[DATA PROVIDED]

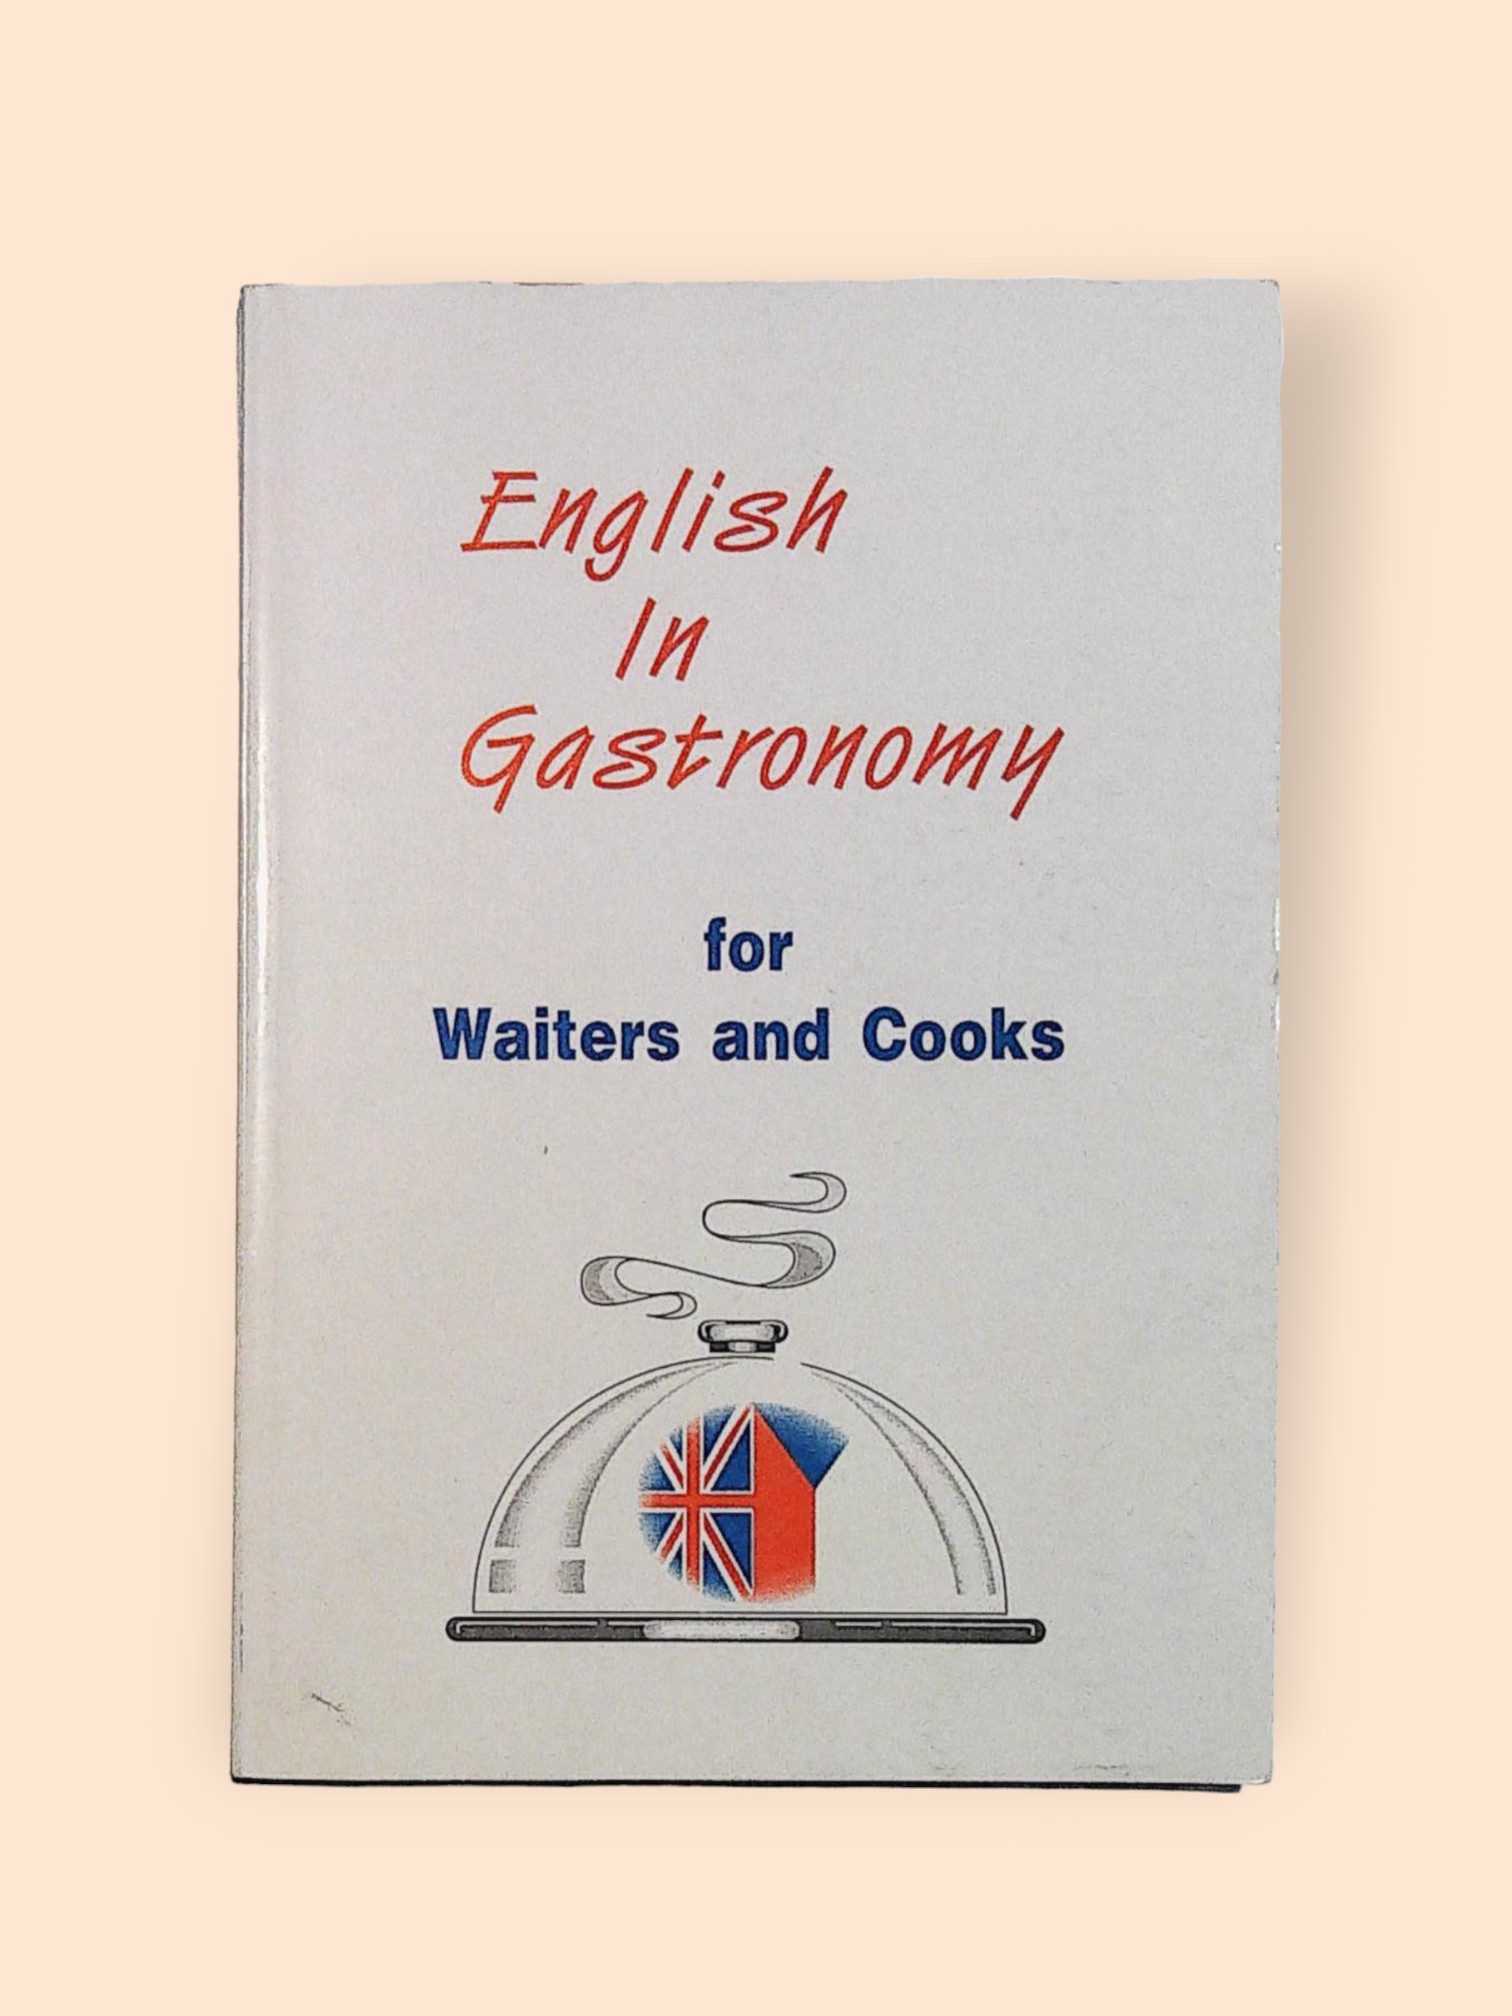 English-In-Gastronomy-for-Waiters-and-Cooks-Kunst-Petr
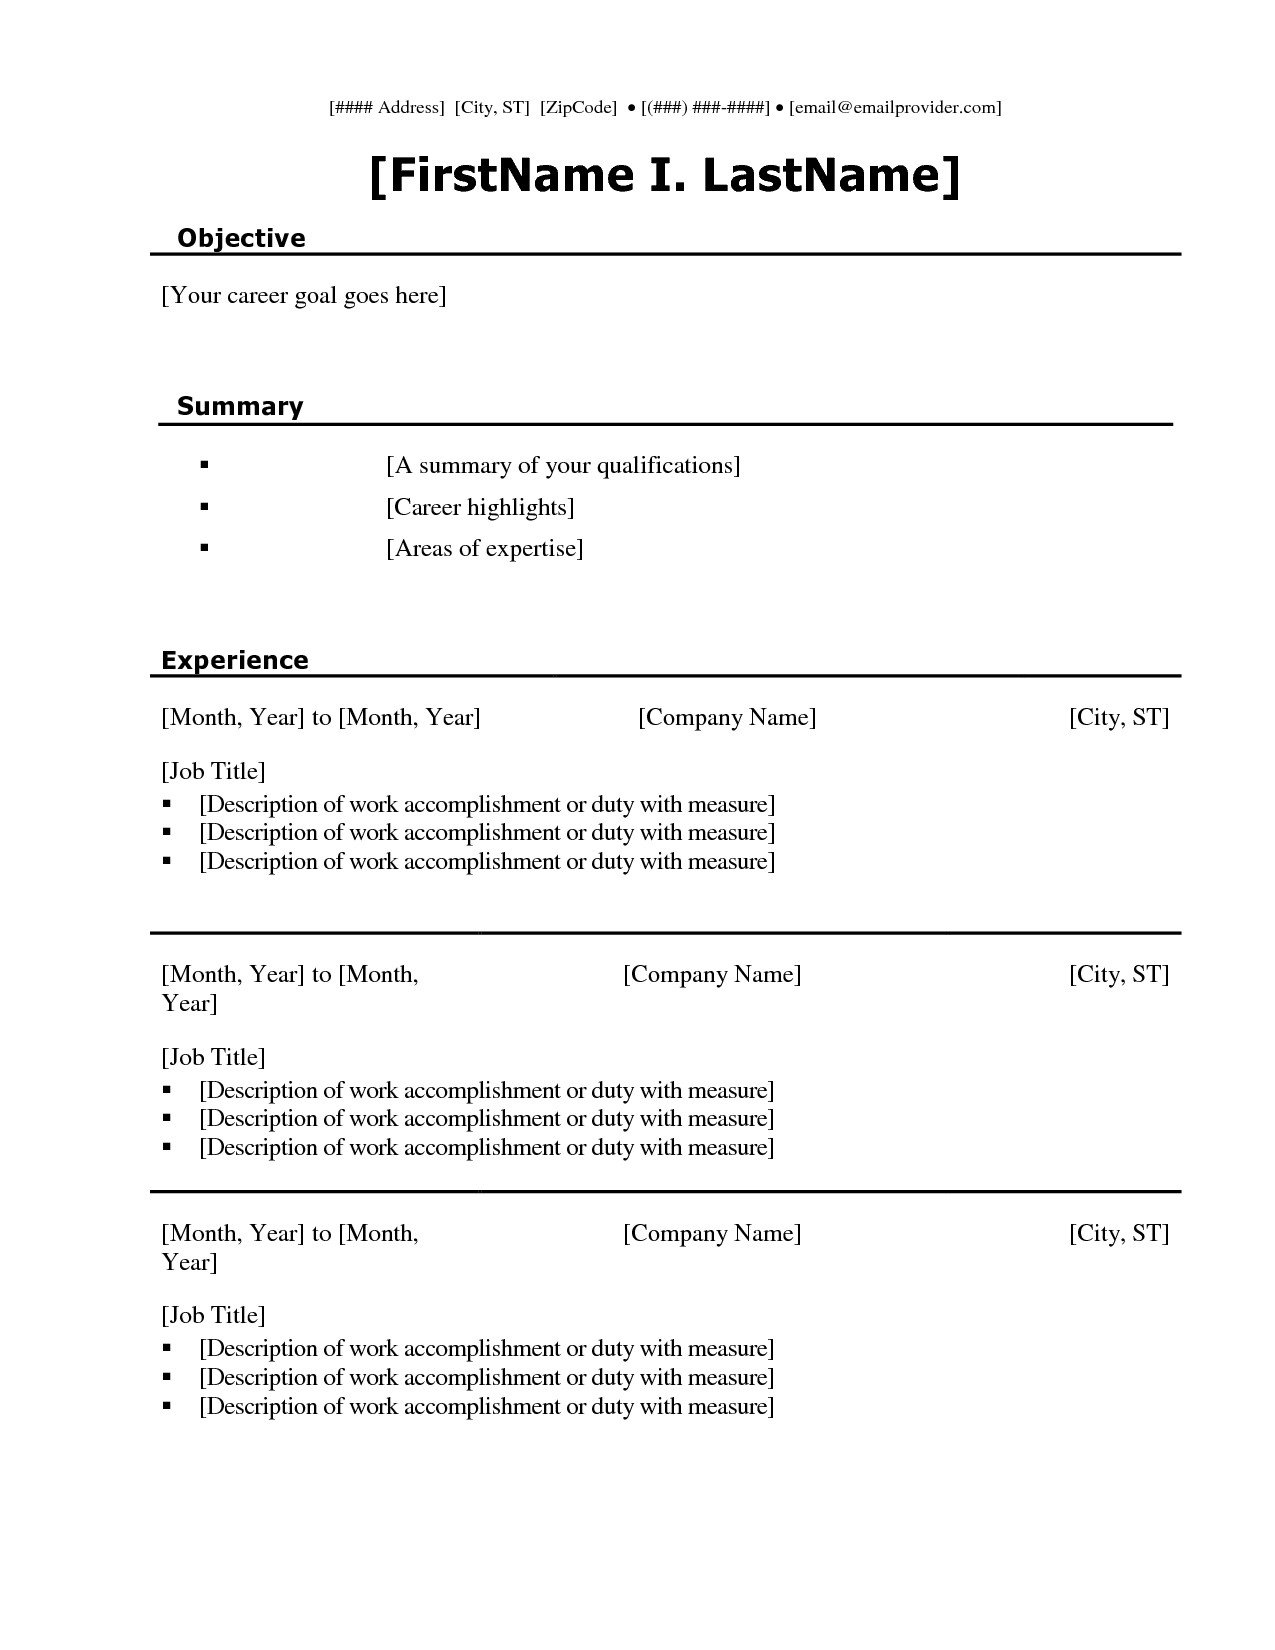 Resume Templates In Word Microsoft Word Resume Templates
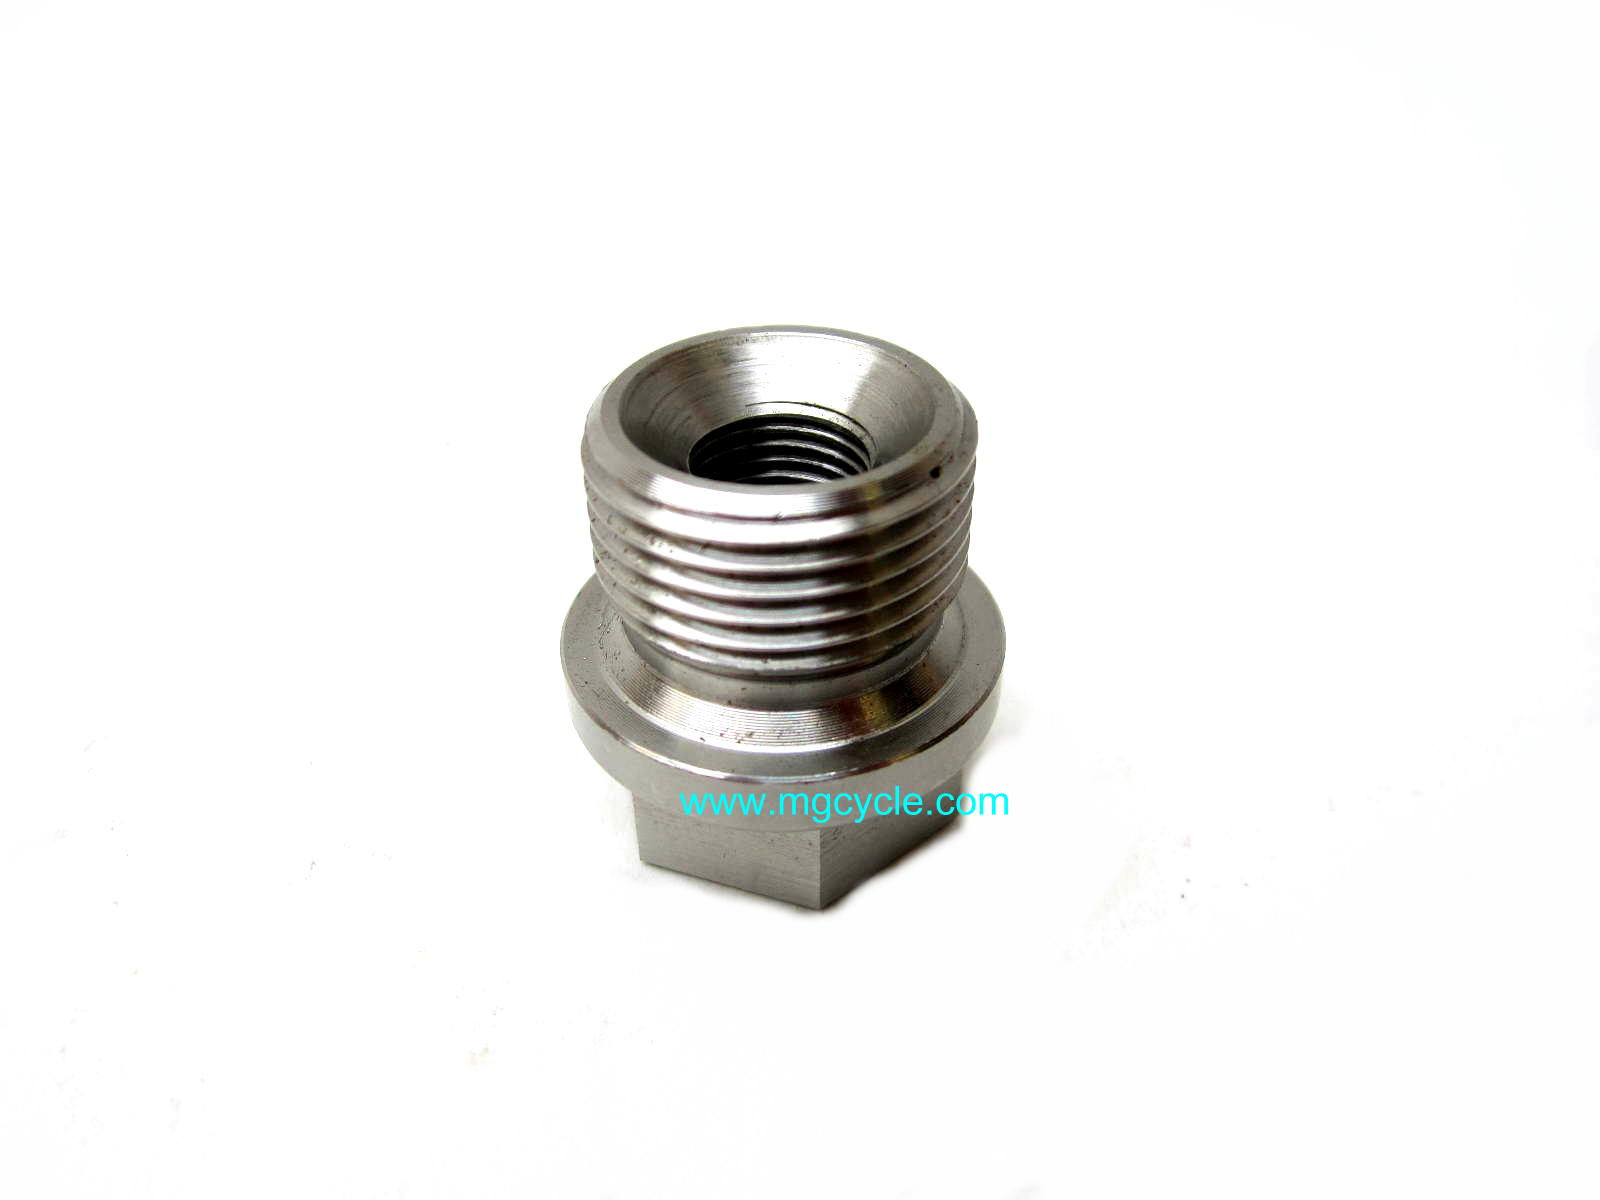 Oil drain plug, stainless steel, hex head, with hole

[/DATA PROVIDED]

WORK ITEM: The whole listing, minus its images, should be repeated exactly.

COMPLETED TASK:
 English-In-Gastronomy-for-Waiters-and-Cooks-Kunst-Petr
 Resume Templates In Word Microsoft Word Resume Templates
 Oil drain plug, stainless steel, hex head, with hole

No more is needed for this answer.